§ **DATA TO EXAMINE**:
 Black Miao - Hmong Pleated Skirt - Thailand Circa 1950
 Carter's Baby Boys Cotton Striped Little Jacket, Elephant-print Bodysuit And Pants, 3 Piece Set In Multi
---
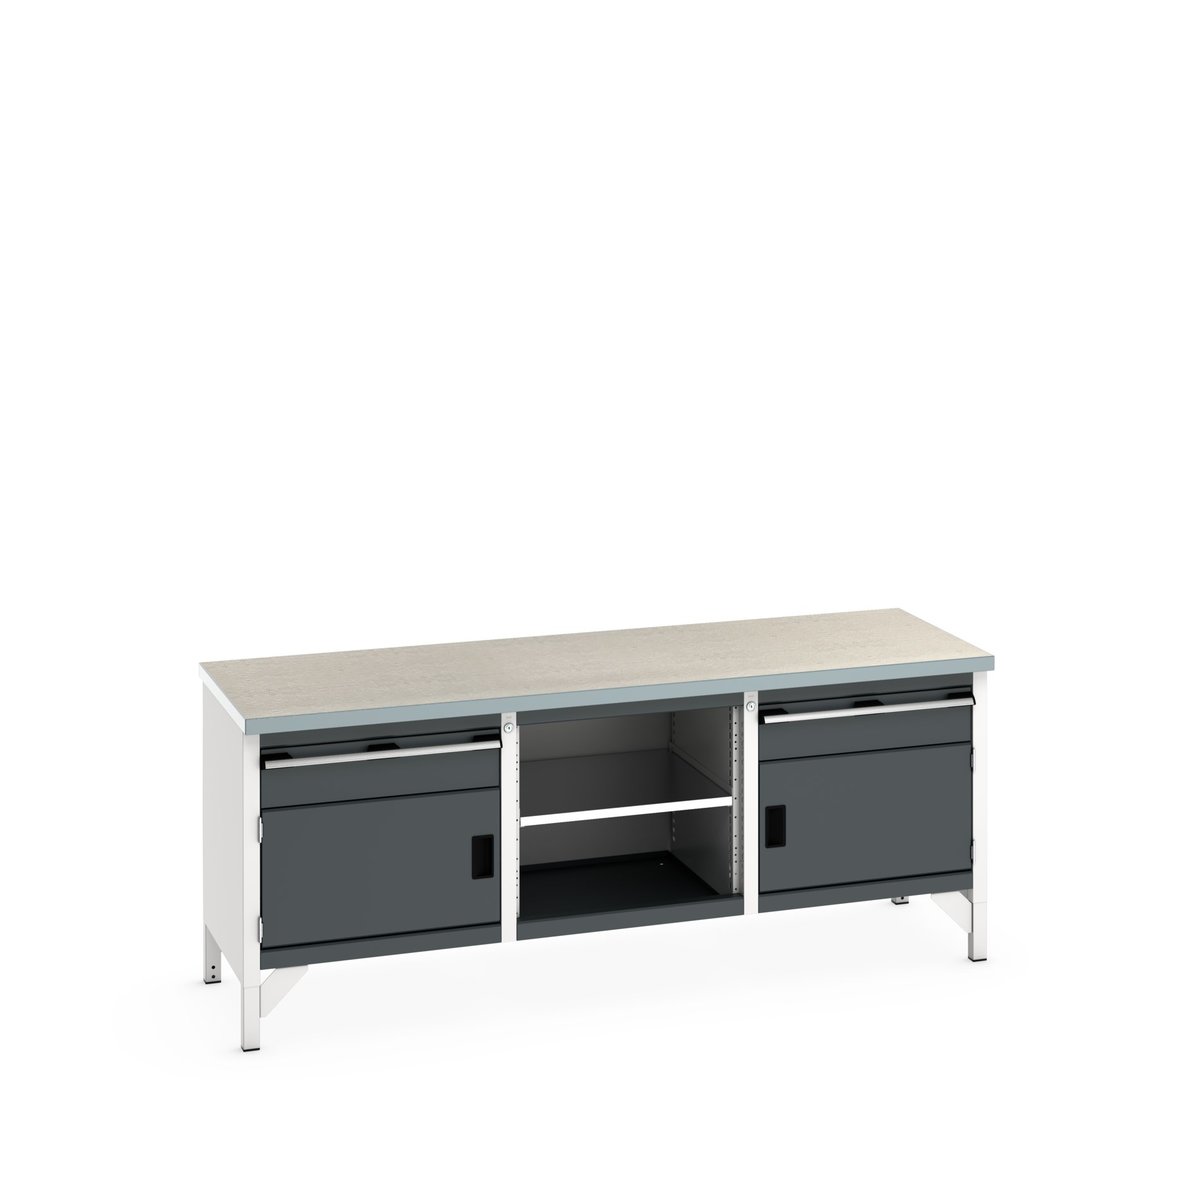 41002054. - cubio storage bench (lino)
---
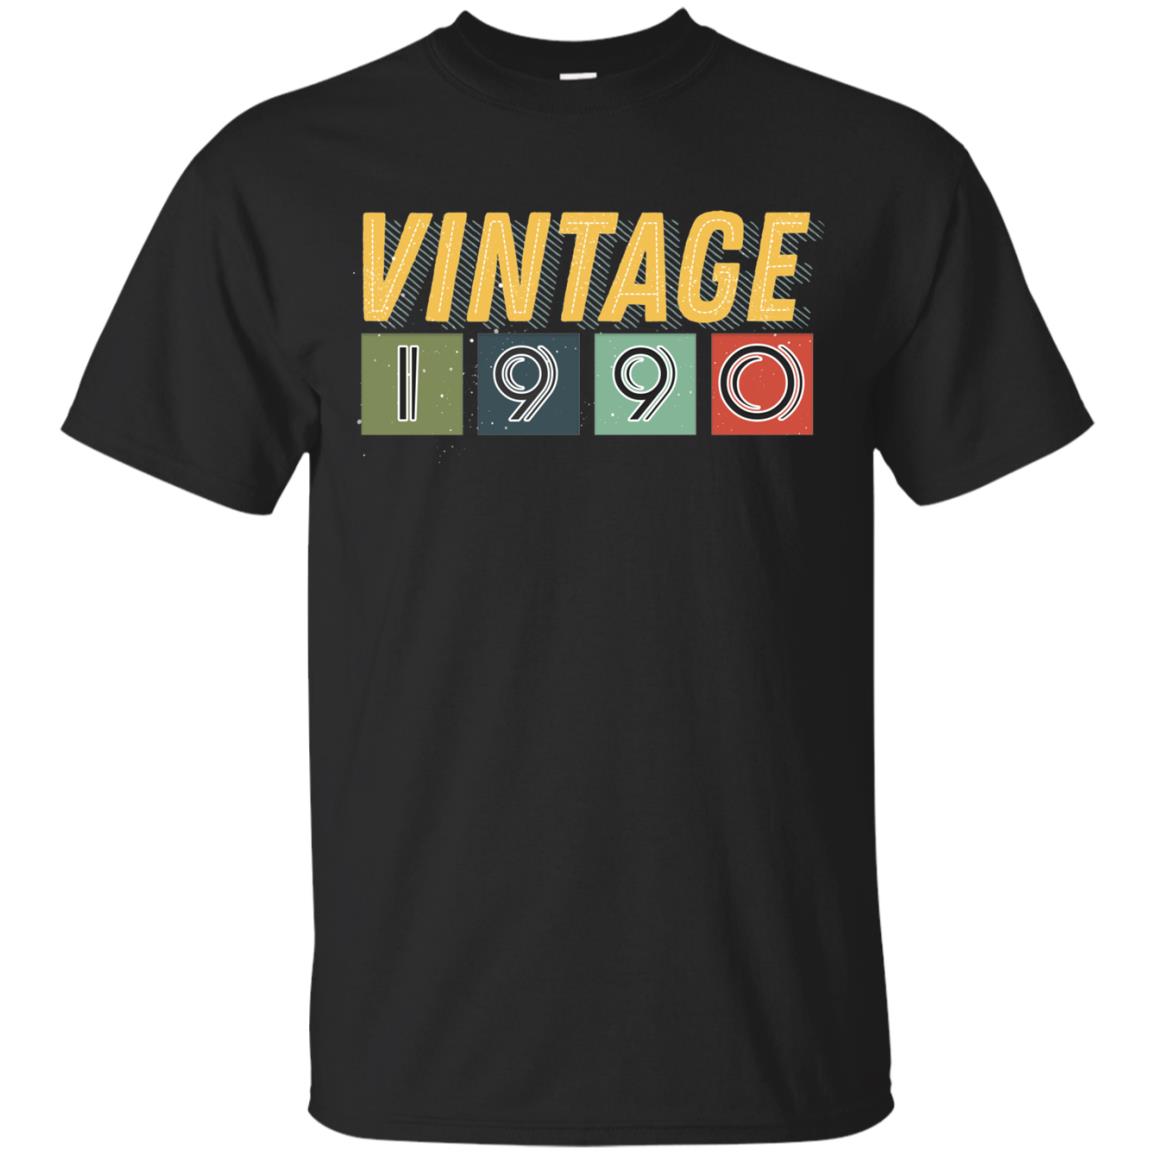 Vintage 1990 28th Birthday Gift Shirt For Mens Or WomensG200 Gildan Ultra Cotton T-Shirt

§ **THE PROBLEM**:
Please copy the lines in the records above between the one holding "Black Miao - Hmong" and the one holding "Carter's Baby Boys", inclusive, exactly and with no other line.

§ **EXPECTED OUTPUT**:
 Black Miao - Hmong Pleated Skirt - Thailand Circa 1950
 Carter's Baby Boys Cotton Striped Little Jacket, Elephant-print Bodysuit And Pants, 3 Piece Set In Multi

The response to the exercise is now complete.